Paper wasps belong to the insect order hymenoptera, which includes ants, bees and wasps, explains Eric Day, an entomologist who is manager of Virginia Tech’s Insect Identification Lab. They are so-named because of the material they use to build their nests, which is, essentially, a kind of paper they have processed themselves. “They chew off mostly bark, but also exposed wood on houses and fences,” says Day, “adding saliva to it to make the paper.”
In the spring, according to Day, a solitary female, who mated in the fall and has overwintered in a sheltered spot, sets out to find a suitable location to start a nest. Those are the wasps you see wandering the airways and crawling along your porch railings, weighing the relative merits of this corner and that overhang. “The female queen starts the nest, and then starts and raises the brood until she produces the first few offspring, and they become her workers,” says Day. “Then she stays on the nest all the time laying her eggs, and all her workers are getting the wood to extend the nest and gathering the food.”
That food includes soft-bodied insects like caterpillars, as well as plant nectar, which is why wasps are considered beneficial insects both as pest-controllers and pollinators. They are also said to be not particularly aggressive unless directly disturbed, though Day explains they get more ornery as the summer wears on: “When you have a single queen starting a colony in the spring, she is not going to want to risk everything at that time. But later on when you start having a large number of workers, in the late summer and early fall, they are very aggressive.”
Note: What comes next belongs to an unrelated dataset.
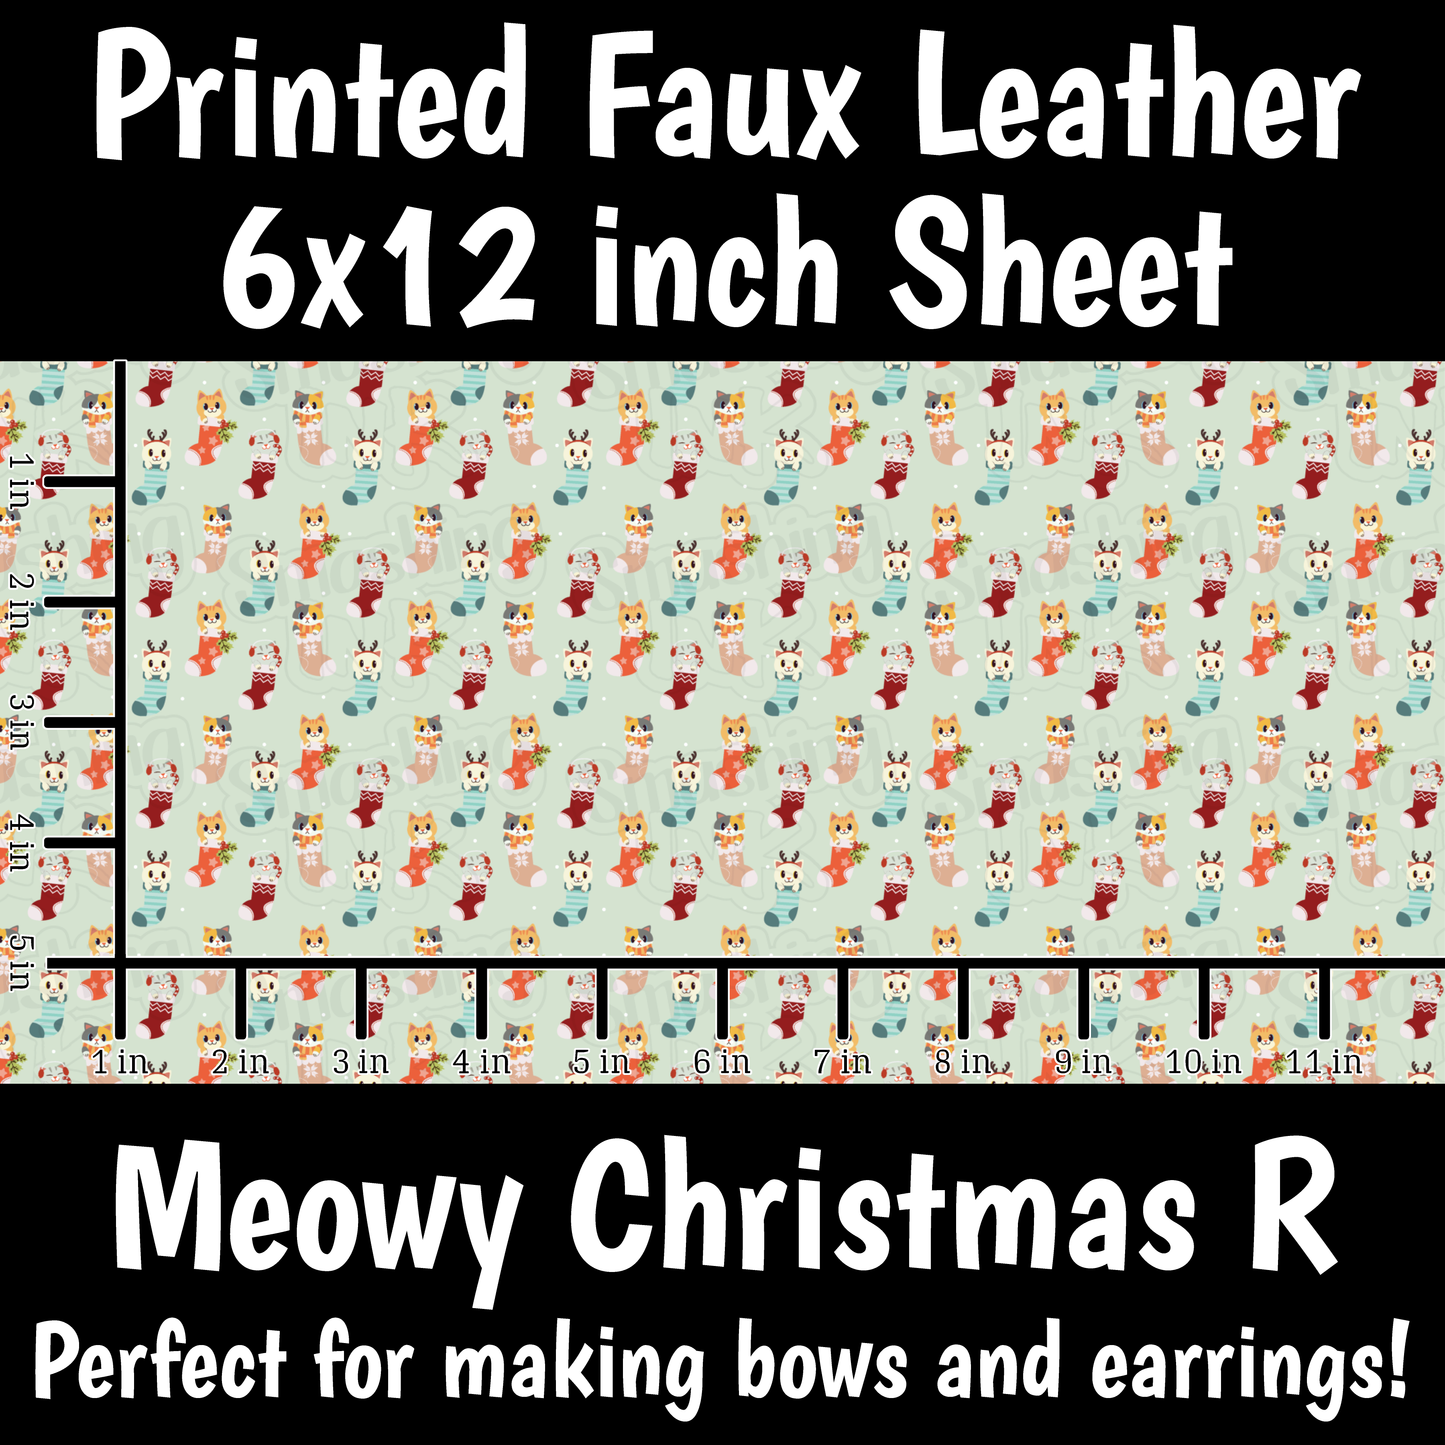 Meowy Christmas R - Faux Leather Sheet (SHIPS IN 3 BUS DAYS)

How much confidence you want to put into that general rule of thumb depends on how willing you are to test it with an insect that can deliver a memorable wallop of a sting. In the department of “he suffers so you don’t have to,” University of Arizona entomologist Justin O. Schmidt has quantified exactly how painful said sting can be. He is the creator of the Schmidt Sting Pain Index, which ranks the agony value of hymenoptera stings on a scale of 1 to 4, accompanied by vivid descriptions, many of which apparently have been inspired by personal experience.
Weighing in at an attention-commanding 3, the sting of the paper wasp, according to Schmidt, is “caustic and burning, with a distinctly bitter aftertaste. Like spilling a beaker of hydrochloric acid on a paper cut.” And because you want to know: the most painful wasp sting on the scale—a 4, and second only to the excruciating sting of the bullet ant—is that of the terrifyingly large tarantula hawk wasp. “Blinding, shockingly electric,” according to Schmidt, who says it feels like “a running hair dryer has been dropped into your bubble bath.”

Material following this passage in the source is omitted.